A Novel Technique for Visualizing Multispectral Images
Wed, Sep 18
|Virtual Event
At the intersection of color phenomenology and imaging systems, a novel technique for visualizing multispectral images is proposed by CRSC's 2024 Student Award Recipient, Trevor Canham.
Time & Location
Sep 18, 2024, 7:00 p.m. – 8:00 p.m. EDT
Virtual Event
About the event
Abstract
A novel technique for visualizing multispectral images is proposed. Inspired by how prisms work, spectral information is spread over a chromatic noise pattern.
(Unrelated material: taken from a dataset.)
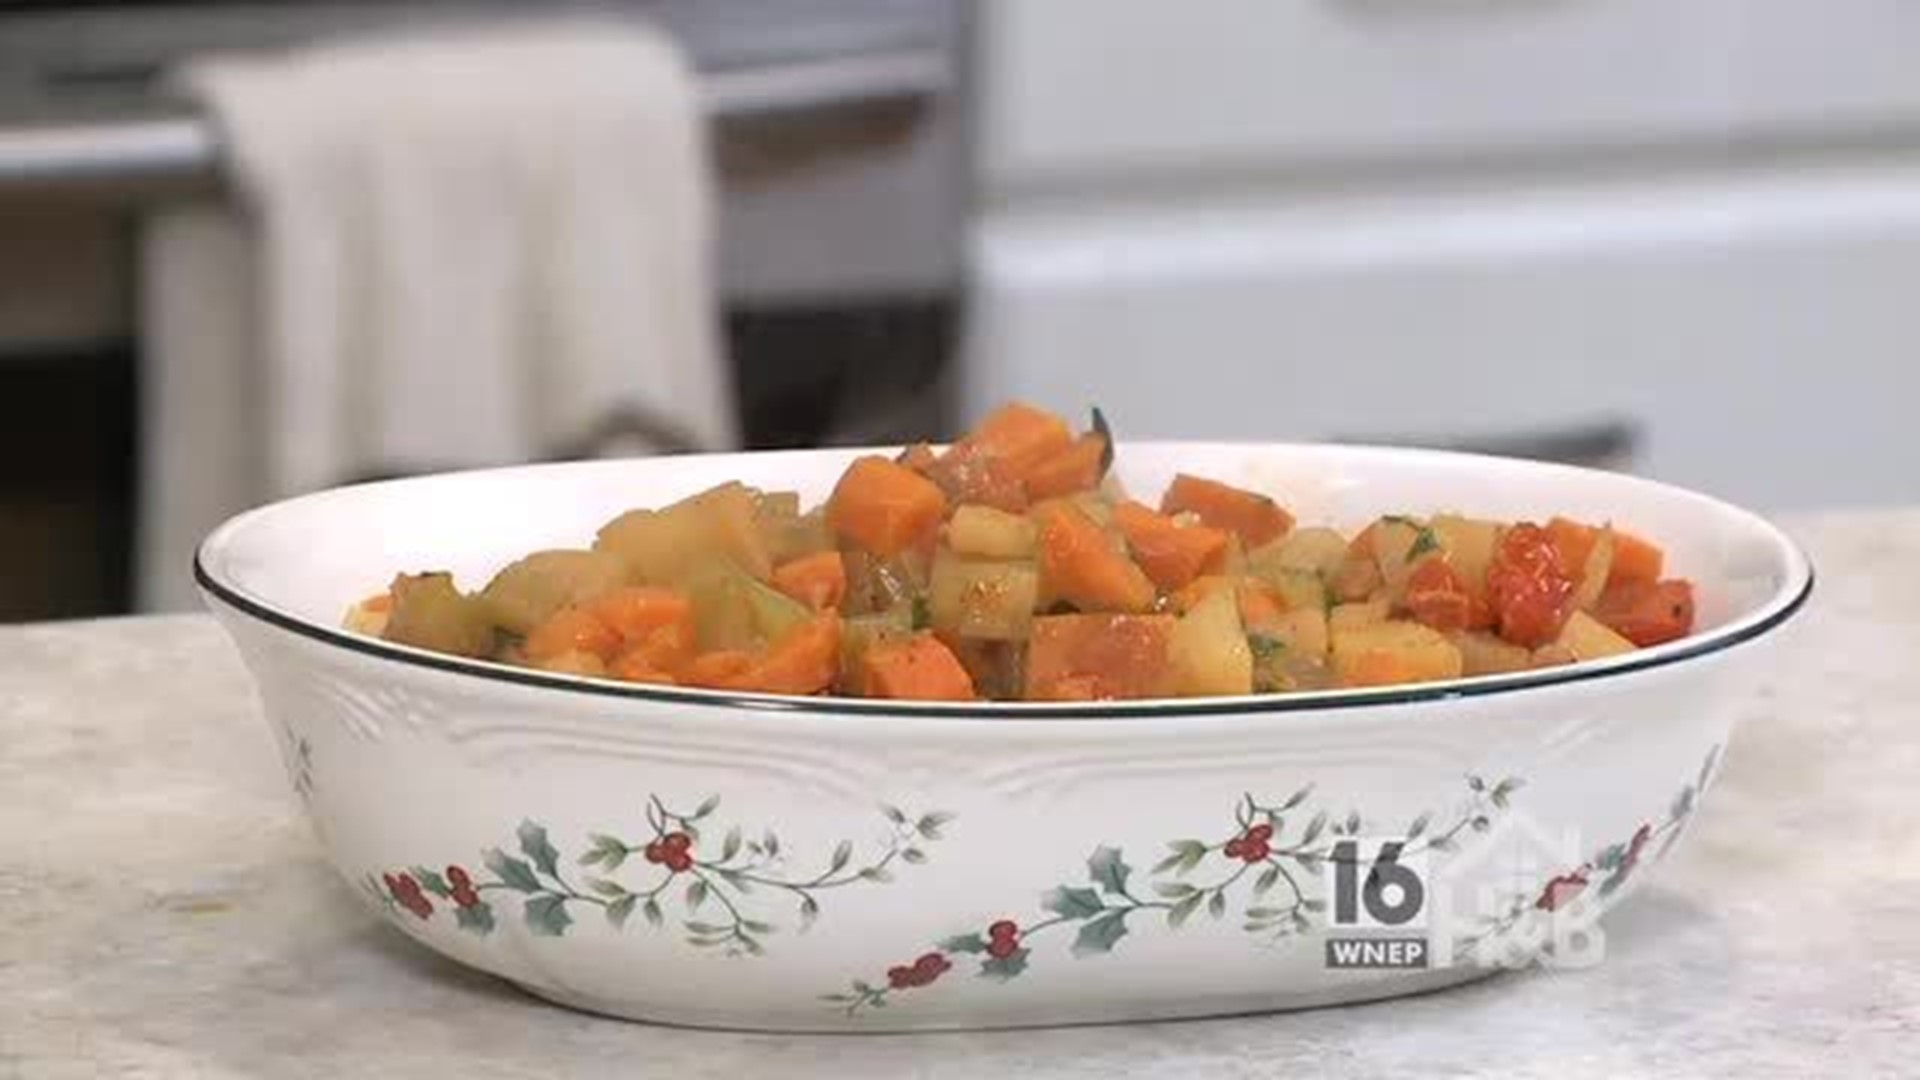 Jim Coles & his Wife make Vegetable Casserole

This is accomplished by populating the pattern with pixels representing each measurement band at a count proportional to its measured intensity and allows for the spatially continuous discrimination of metameric stimuli.
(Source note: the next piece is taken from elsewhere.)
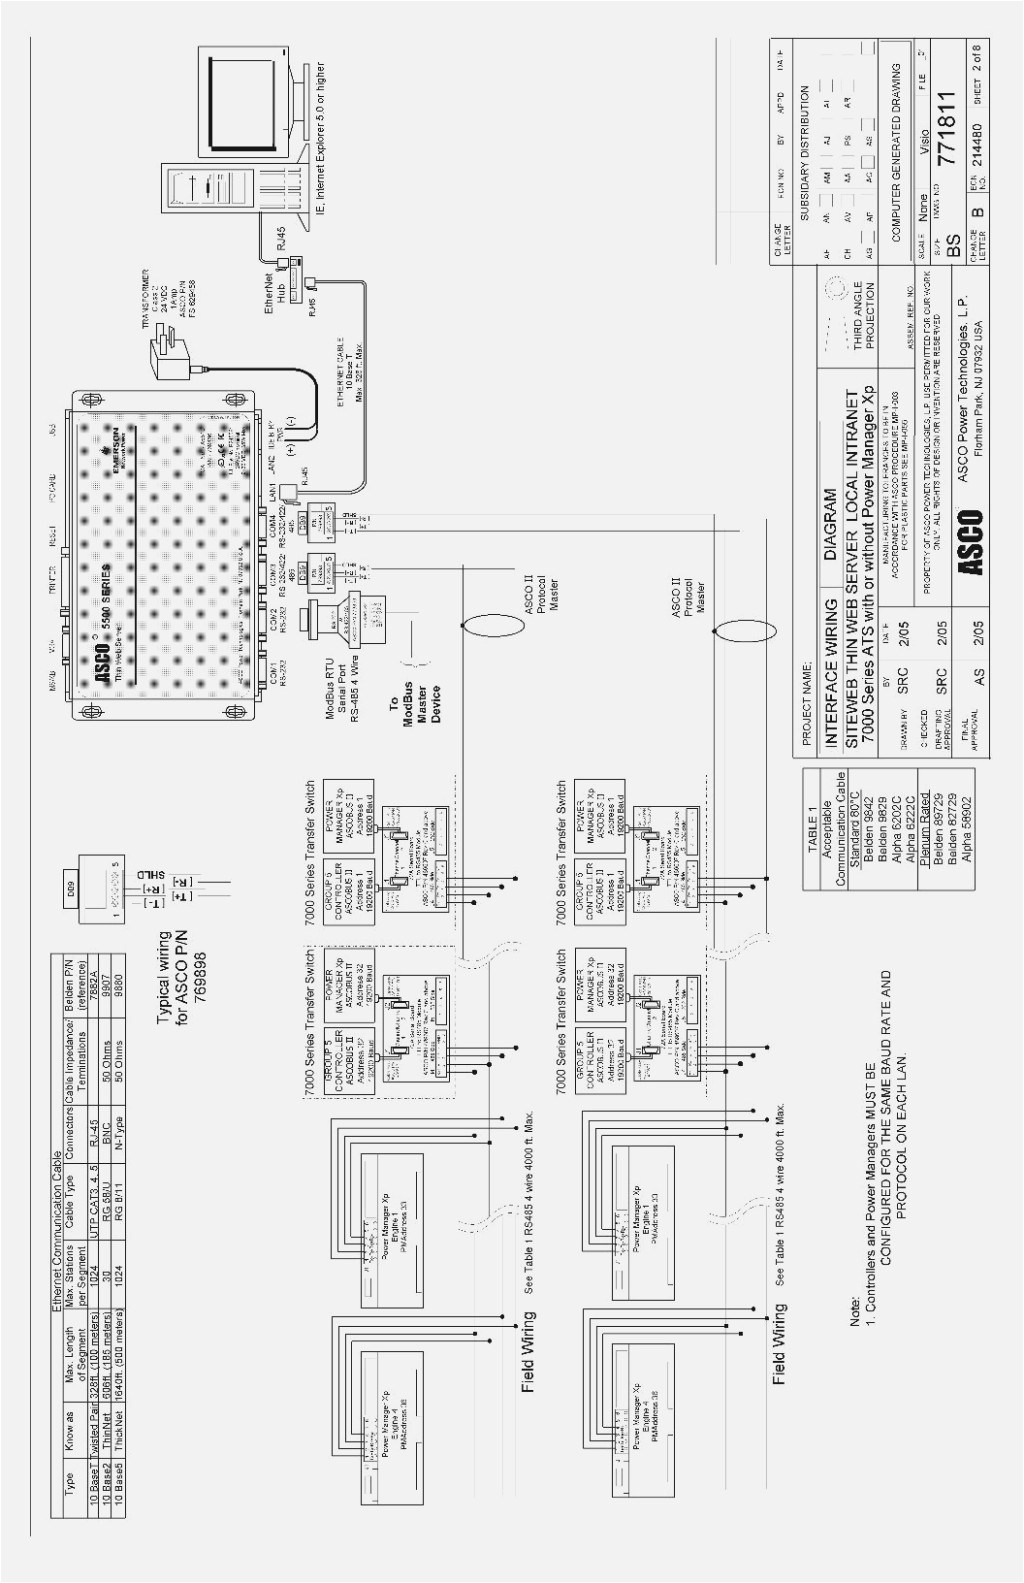 asco red hat wiring diagram 3 auto electrical wiring diagram mix asco 7000 transfer switch wiring

Speaker Spotlight: Trevor Canham
Trevor Canham, CRSC's Student Award Winner for 2024, studies color imaging under the supervision of Michael Brown at York University in Toronto.
He received the BSc in Motion Picture Science from the Rochester Institute of Technology. In the following years he worked in Marcelo Bertalmío's Image Processing for Enhanced Cinematography lab in Barcelona, Spain, and later at the Spanish National Research Council. He has also worked in the cinema industry - as an intern at Company 3 NY and as a colorist for several independent films.
In 2023 he was awarded best student paper at the 31st Color & Imaging Conference. His interests lie in the interaction between color phenomenology and imaging systems.